━━ DATASET ━━

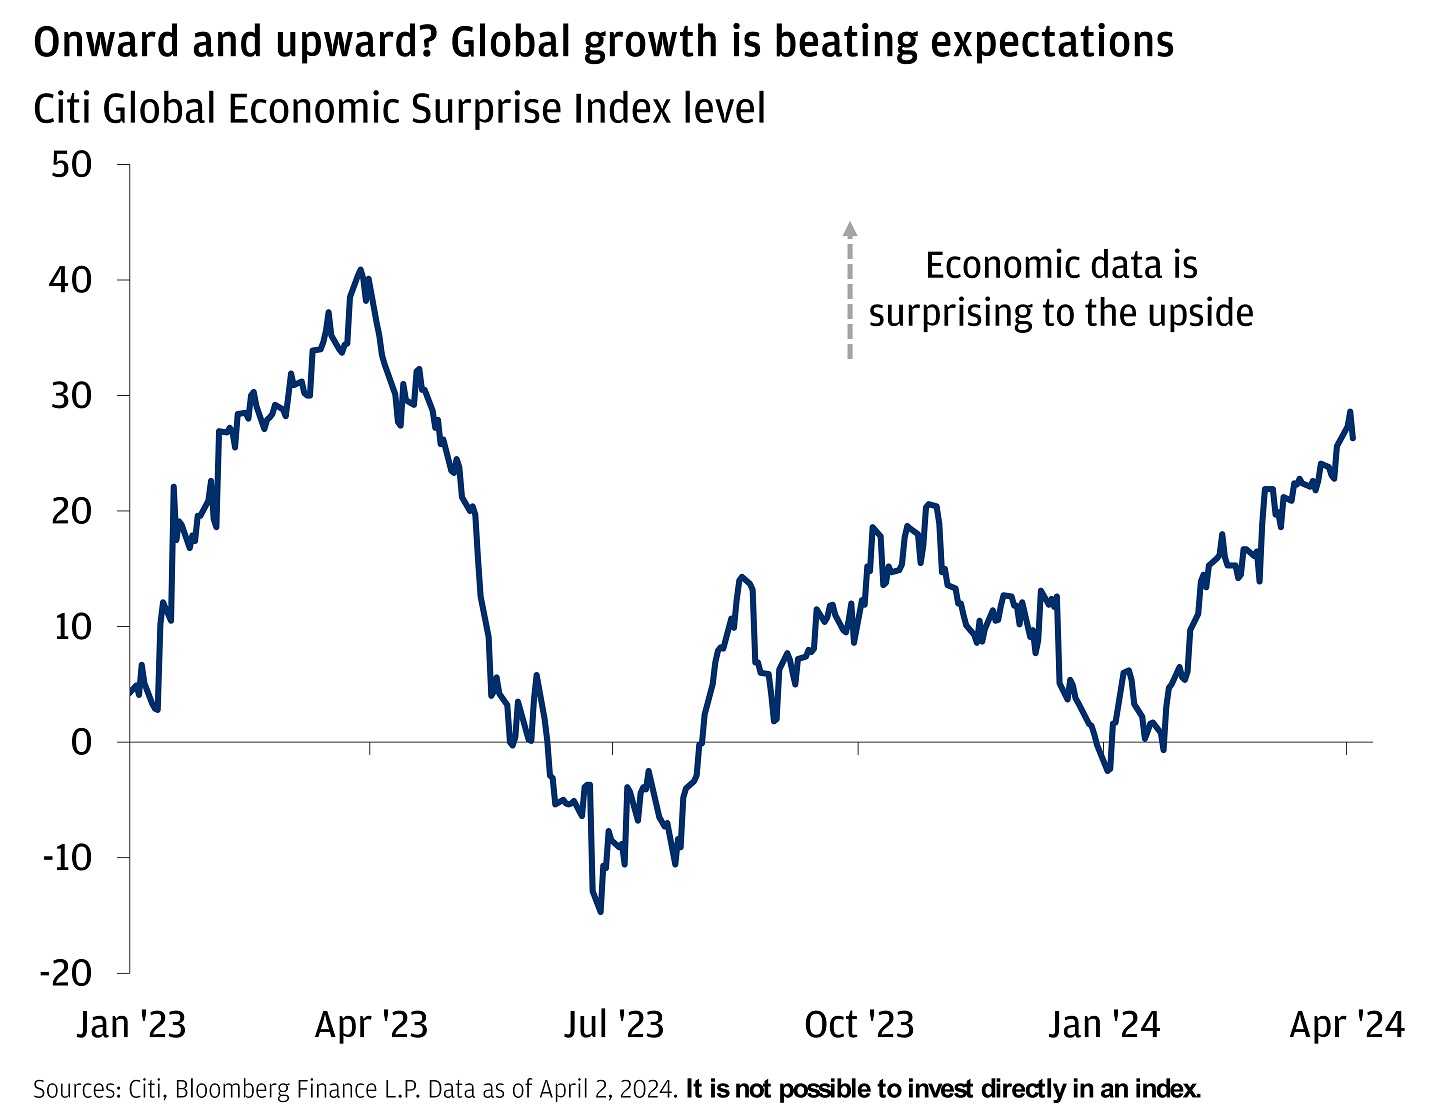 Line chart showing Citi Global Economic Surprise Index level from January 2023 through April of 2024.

━━━
━━ DATASET ━━

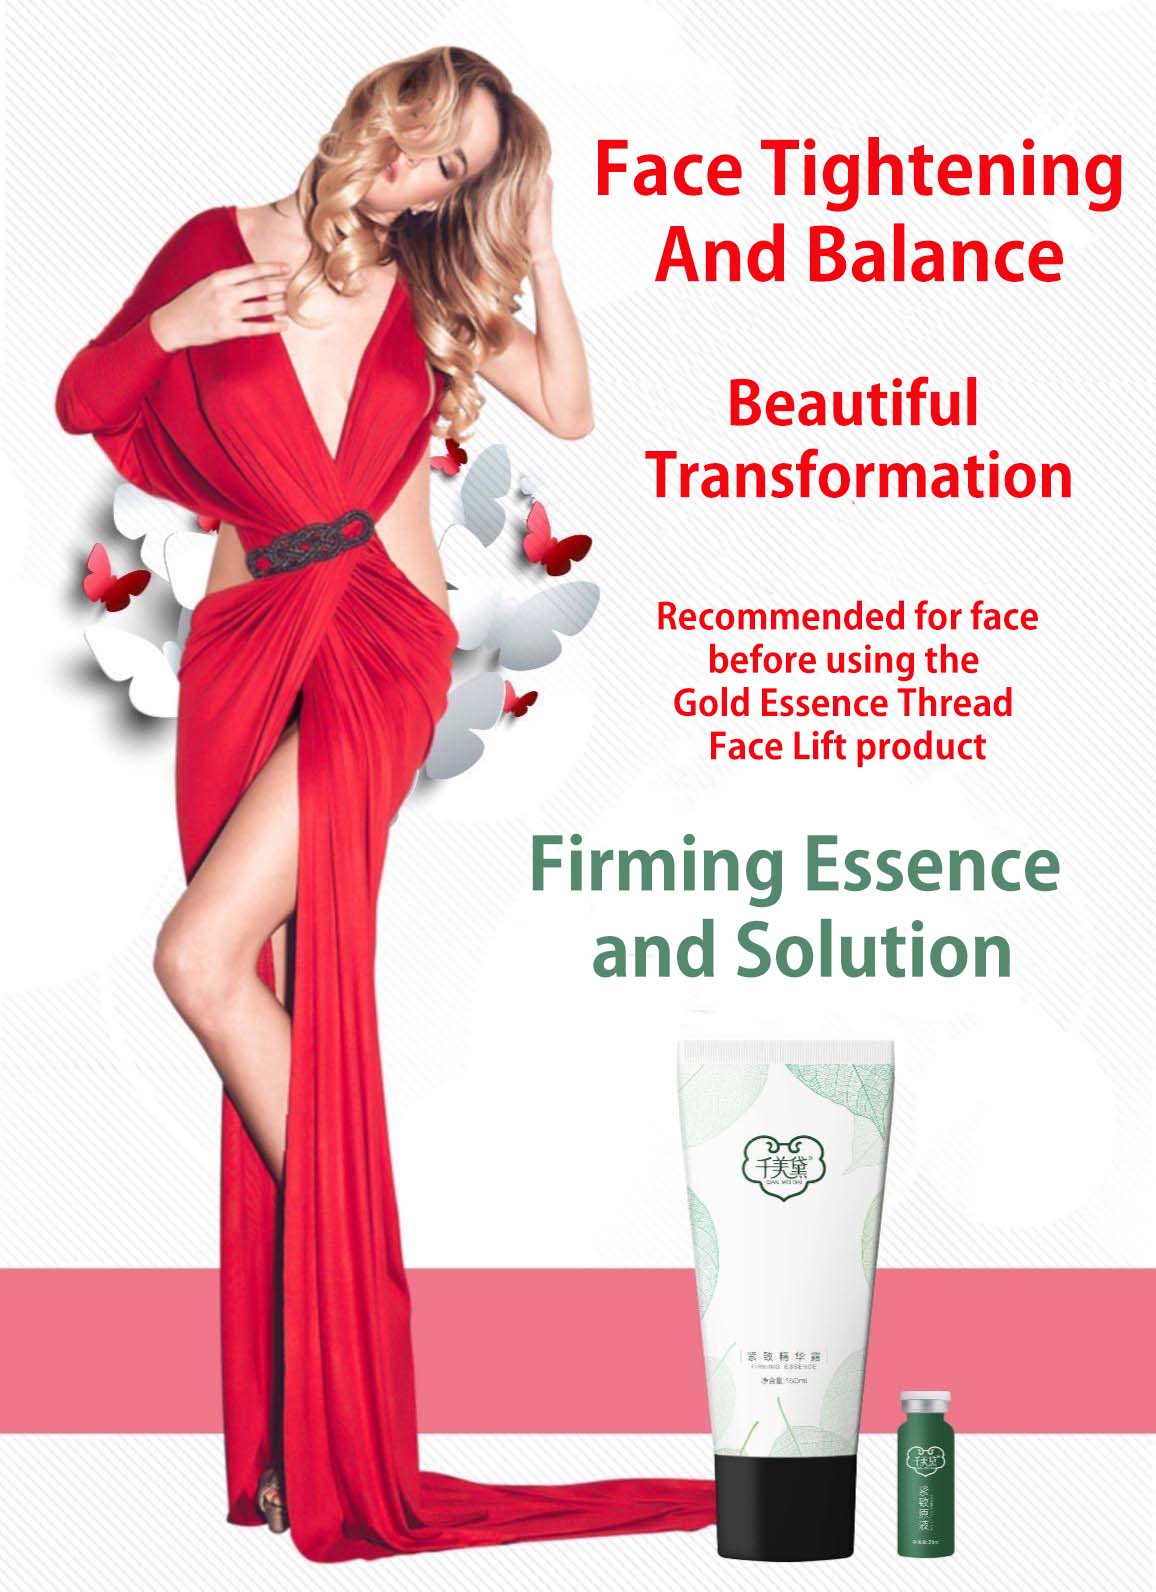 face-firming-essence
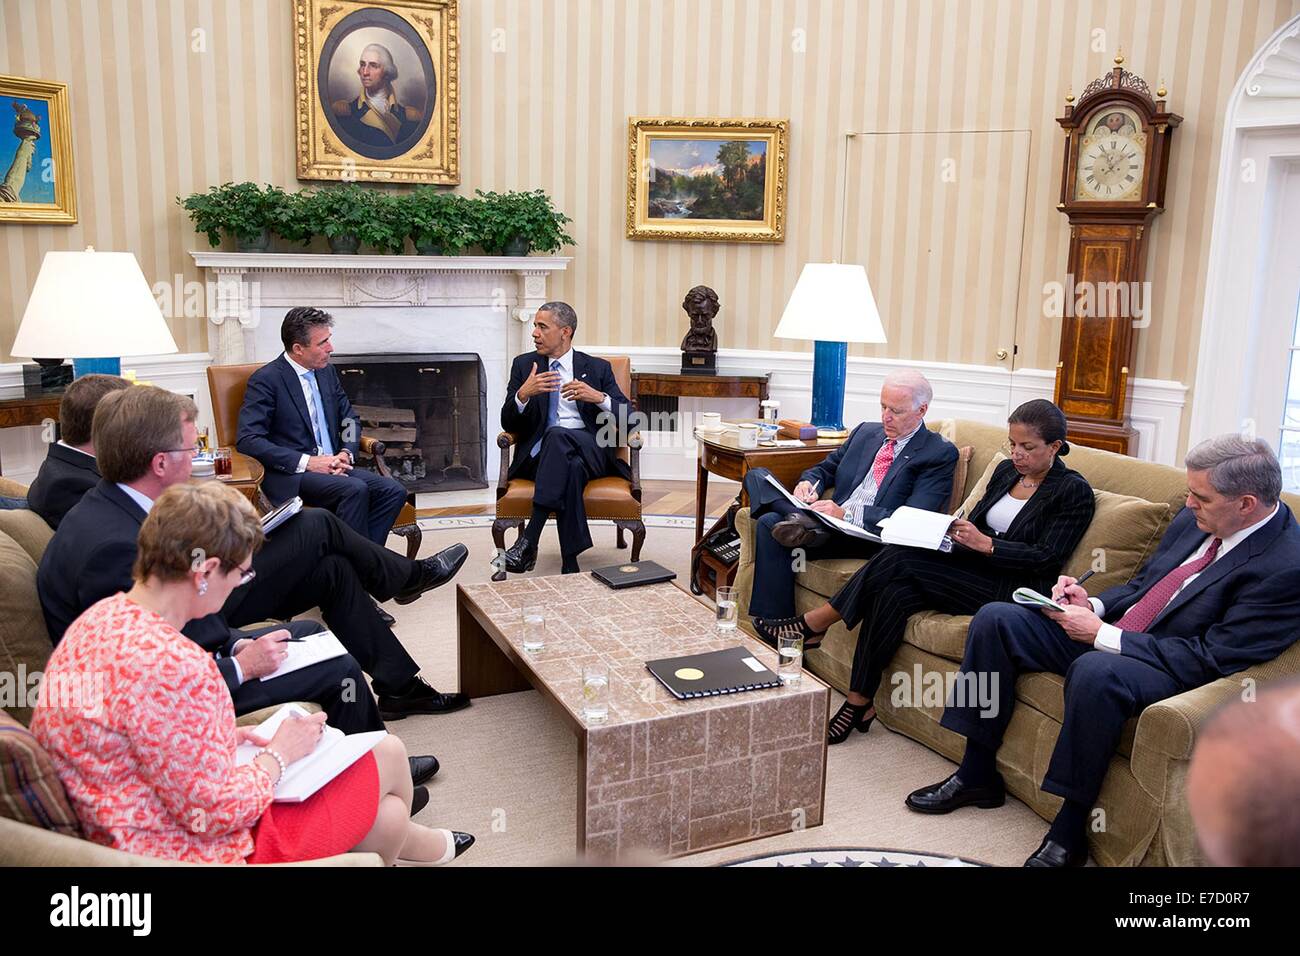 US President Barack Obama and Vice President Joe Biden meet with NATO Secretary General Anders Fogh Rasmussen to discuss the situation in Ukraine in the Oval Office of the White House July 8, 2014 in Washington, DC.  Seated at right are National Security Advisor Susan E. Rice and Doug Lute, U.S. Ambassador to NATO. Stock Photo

━━━

» EXERCISE: Go to the line above that contains "face-firming-essence" and reproduce everything exactly from there through the line that contains "US President Barack", leaving out the pictures.

» RESPONSE AREA:
 face-firming-essence
 US President Barack Obama and Vice President Joe Biden meet with NATO Secretary General Anders Fogh Rasmussen to discuss the situation in Ukraine in the Oval Office of the White House July 8, 2014 in Washington, DC.  Seated at right are National Security Advisor Susan E. Rice and Doug Lute, U.S. Ambassador to NATO. Stock Photo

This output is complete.